On the whole, the guys in Stillwater aren’t particularly more thoughtful than any other early ’70s rock band. We do get to see Jeff Bebe (Jason Lee) offer up a paraphrasing of Freud’s three-part psyche (or Nietzsche’s Apollonian and Dionysian):

On the whole, I’d say most of the fuck-ups in the world come from the brain and not the instincts. My whole thing is to try and make my brain go away but I can’t, except on-stage. The brain, I think, should be a softening influence on the instincts but the instincts should drive. Trying to reconcile the brain with urges that come out of millions of years ago. The way the brain interprets these instincts is… a heavy trip. Usually I’m brain and Russell is instincts. But on the days when we’re both instinct, that’s when we’ve made the music people know best, because… it’s the best.
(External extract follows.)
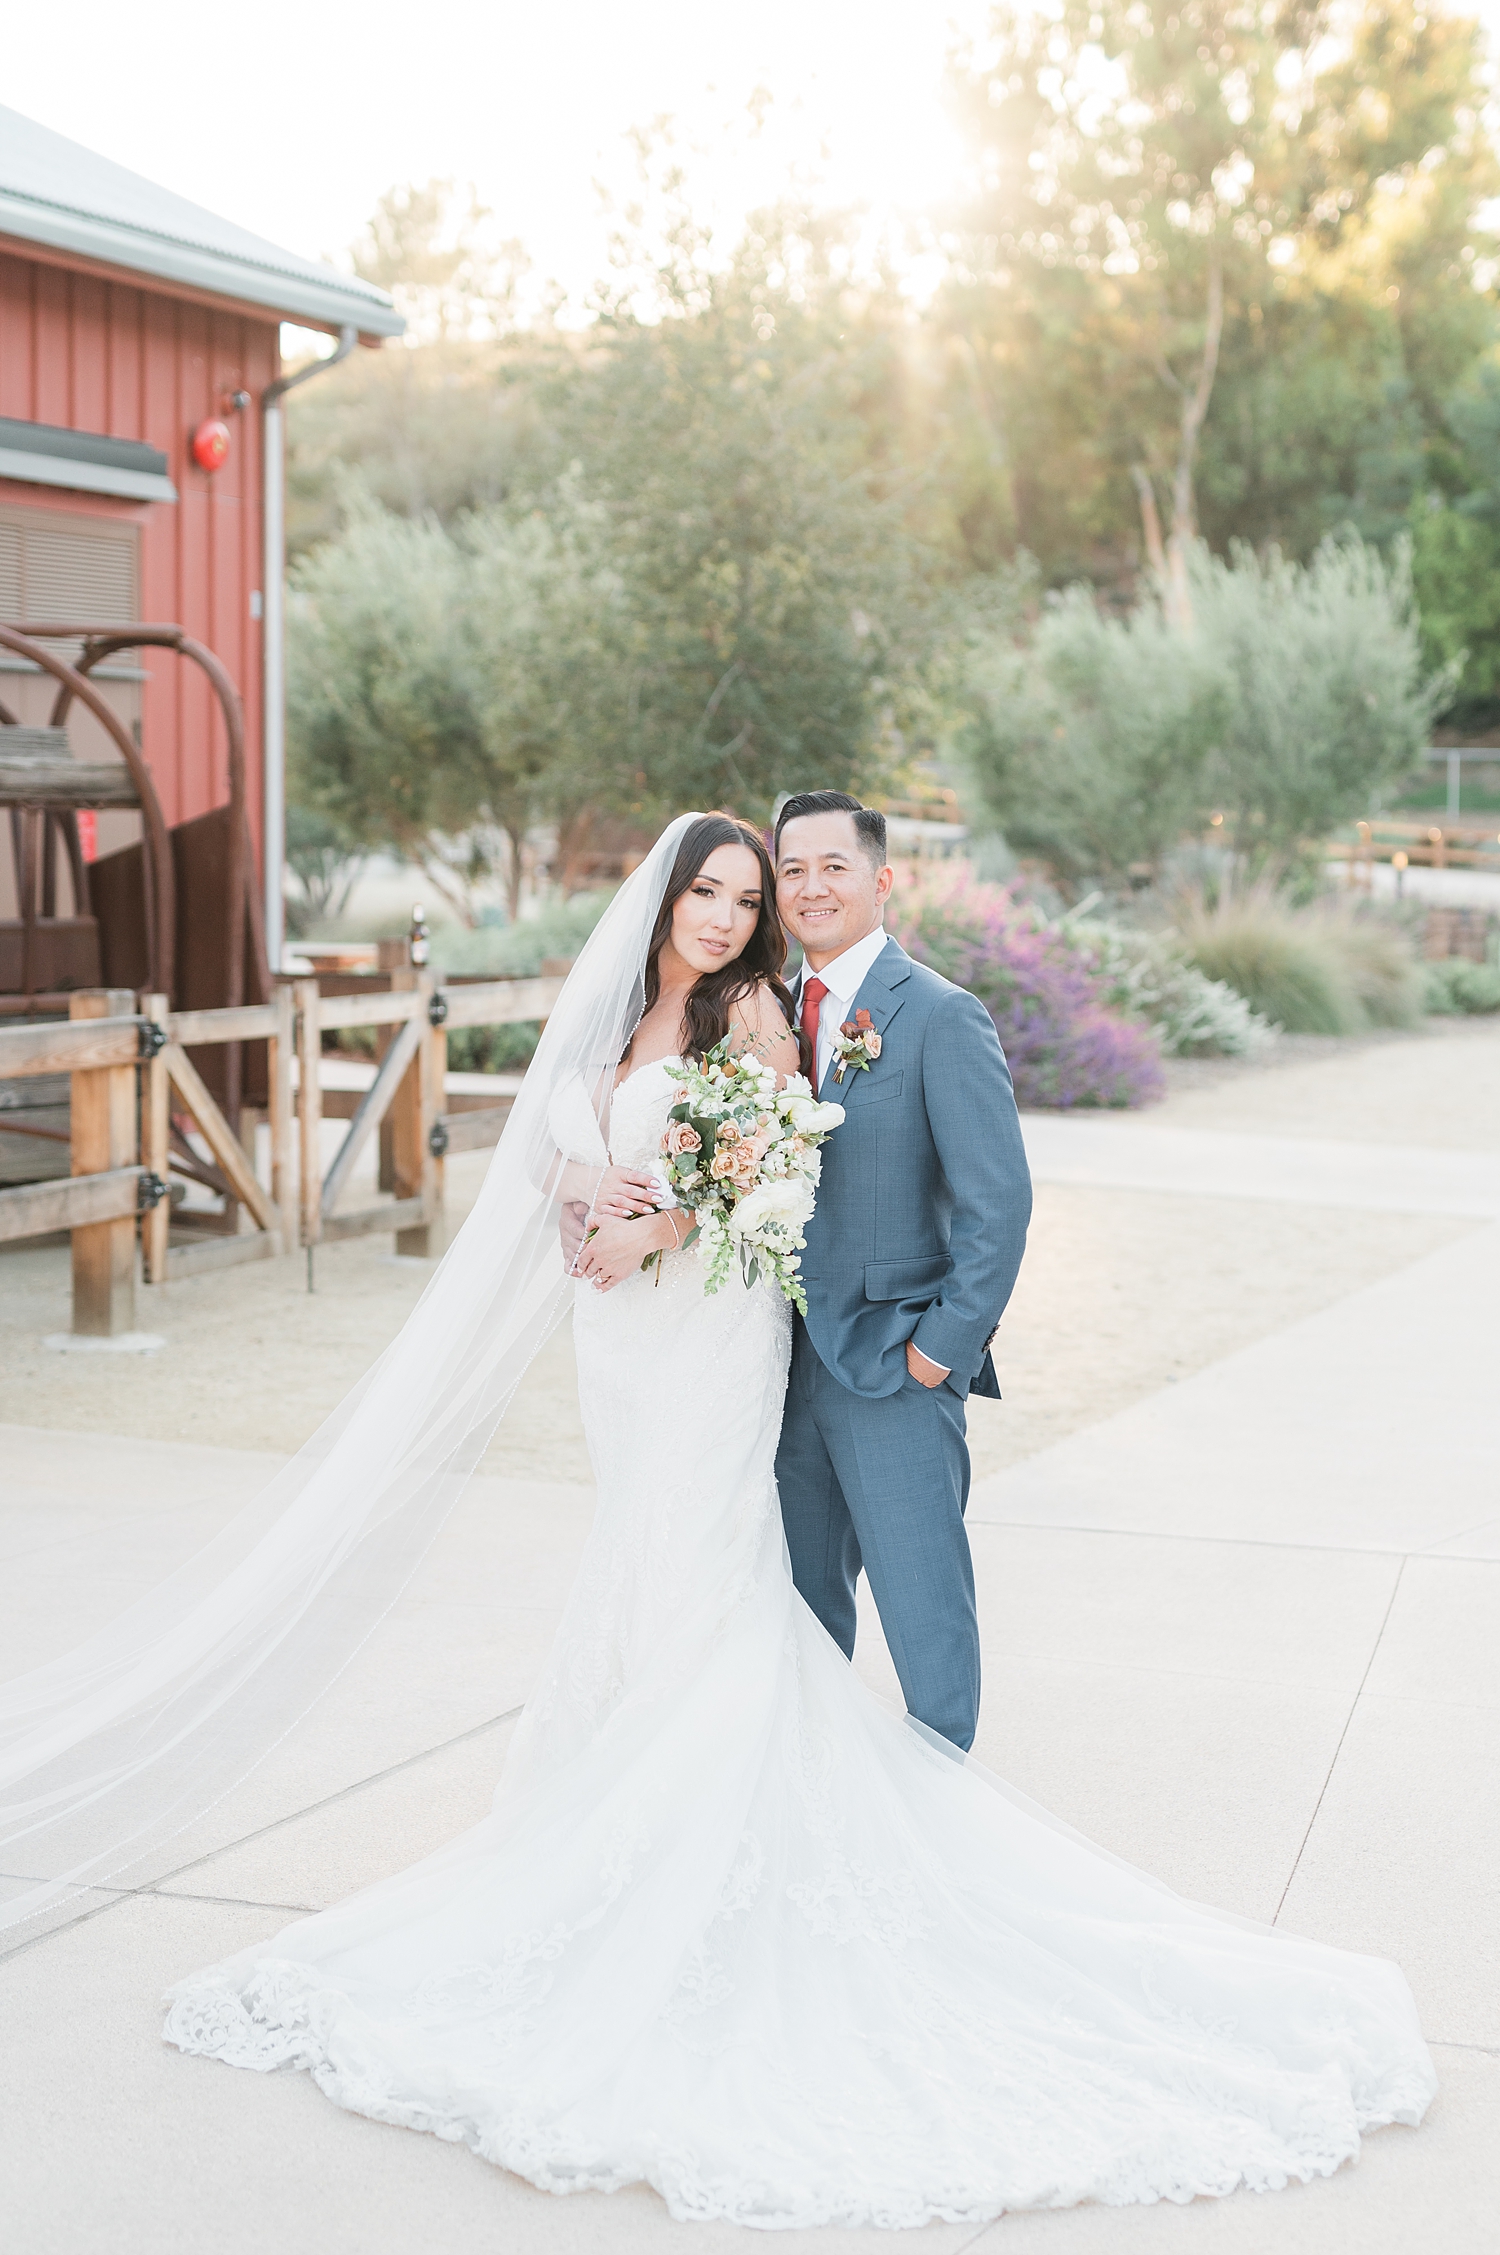 The Barn at Aliso Viejo Ranch | Orange County Wedding Photographer -106.jpg

But even though Bebe has identified this truism that Nietzsche first pointed out in The Birth of Tragedy, he utterly fails to overcome his brain and submit to the music. As a result, he comes across as a pretty petty guy, jealous of Hammond’s fame and skill and worried that he’s going to be left behind. Rather than trying to let the band’s stage relationship define their personal relationship, he puts things the other way around and as a result there’s tangible friction throughout the tour. William, the ever-present and omniscient observer, picks up on this natural struggle that accompanies any band’s growing fame–examples of intra-band rivalries abound, from The Beatles to Van Halen to Duran Duran, and they need to be overcome if the group is to survive.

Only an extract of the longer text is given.